You see how the percentage of “heads” outcomes fluctuates around the expected percentage of 50 and gradually converges to it. If the number of flips were much larger (like 1 million), the % Heads would be almost exactly 50% (or 0.5).

The variance of a Bernoulli distribution

Now let’s remember the general formula for the variance of a discrete probability distribution:

The formula for the statistical measure of dispersion called variance for discrete probability distributions

To calculate the variance, we first need to have calculated the mean of the distribution. Which we did. For a Bernoulli distribution it’s equal to the parameter p itself. Therefore:

$\textrm{Variance} = (p - 1)^2 \cdot p + (p - 0)^2 \cdot (1 - p)$

$= (p - 1)^2 \cdot p + p^2 \cdot (1 - p)$

Now let’s simplify:

$= p^3 - 2 \cdot p^2 + p + p^2 - p^3$

$= p - p^2 = p \cdot (1-p)$

Both forms in the last line are simple enough but the convention is to use the second. Therefore, the variance of a Bernoulli distribution is:

$\textrm{Variance} = p \cdot (1-p)$

Notice that this is simply multiplying the probabilities of the two possible outcomes. So, the mean of a Bernoulli distribution is the probability of one of the outcomes and the variance is the product of the probabilities of the two outcomes. There’s some beauty in this simplicity, isn’t there?

Also, notice that the variance is equal to zero when p = 0 or p = 1. This is because each of those values for p implies complete certainty of the outcomes (either all 0s or all 1s). Which essentially makes it a deterministic variable with no variance. Take a look at a plot that shows the variance of a Bernoulli distribution as a function of the parameter p:

A plot of the variance of Bernoulli distributions as a function of the parameter p (an inverted U shape)

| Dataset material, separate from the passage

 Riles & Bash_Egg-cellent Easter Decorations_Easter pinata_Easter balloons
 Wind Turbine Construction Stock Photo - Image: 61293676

Notice how the variance has a maximum value of 0.25 when p = 0.5 and gradually reduces to 0 as p goes further away from 0.5. Intuitively, this is so because the closer p is to 0.5, the more diverse a sequence of outcomes will be (and vice versa).

Bernoulli distribution plots

Now, to get more intuition about the Bernoulli distribution, let’s take a look at a few plots with different values for the parameter p. Like I said, the Bernoulli distribution is a class of infinitely many specific distributions for each possible value of p.

This is what a Bernoulli distribution with p = 0.5 looks like:

A plot of a Bernoulli distribution with parameter: p = 0.5

This is also the distribution of flipping a fair coin or any other random variable with 2 equally likely outcomes.

Here’s a plot of the distribution with p = 0.3:

A plot of a Bernoulli distribution with parameter: p = 0.3

This distribution could represent things like flipping a biased coin, drawing a red ball from a pool of 30% red and 70% green balls, and so on.

And here’s what the distribution looks like with p = 0.85:

A plot of a Bernoulli distribution with parameter: p = 0.85

Let’s finally take a look at an animation that shows the full class of Bernoulli distributions, as p goes from 0 to 1:

Yep, you just saw (a sparse subset of) the full range of Bernoulli distributions that have ever existed and will ever exist!

Summary

In today’s post I introduced one of the simplest probability distributions. The Bernoulli distribution is named after the Swiss mathematician Jacob Bernoulli. It is a discrete probability distribution that represents random variables with exactly two possible outcomes. The probabilities can be related to repeatable physical processes, as well as the truth of past, present, or future hypotheses.

The Bernoulli distribution has a single parameter, p, which defines a very simple probability mass function — p for one of the outcomes and (1 – p) for the other outcome:

$\begin{cases}p & x = 1 \\(1-p) & x = 0\end{cases}$

From the PMF, using the general mean and variance formulas for discrete probability distributions, we derived equally simple formulas:

$\textrm{Mean} = p$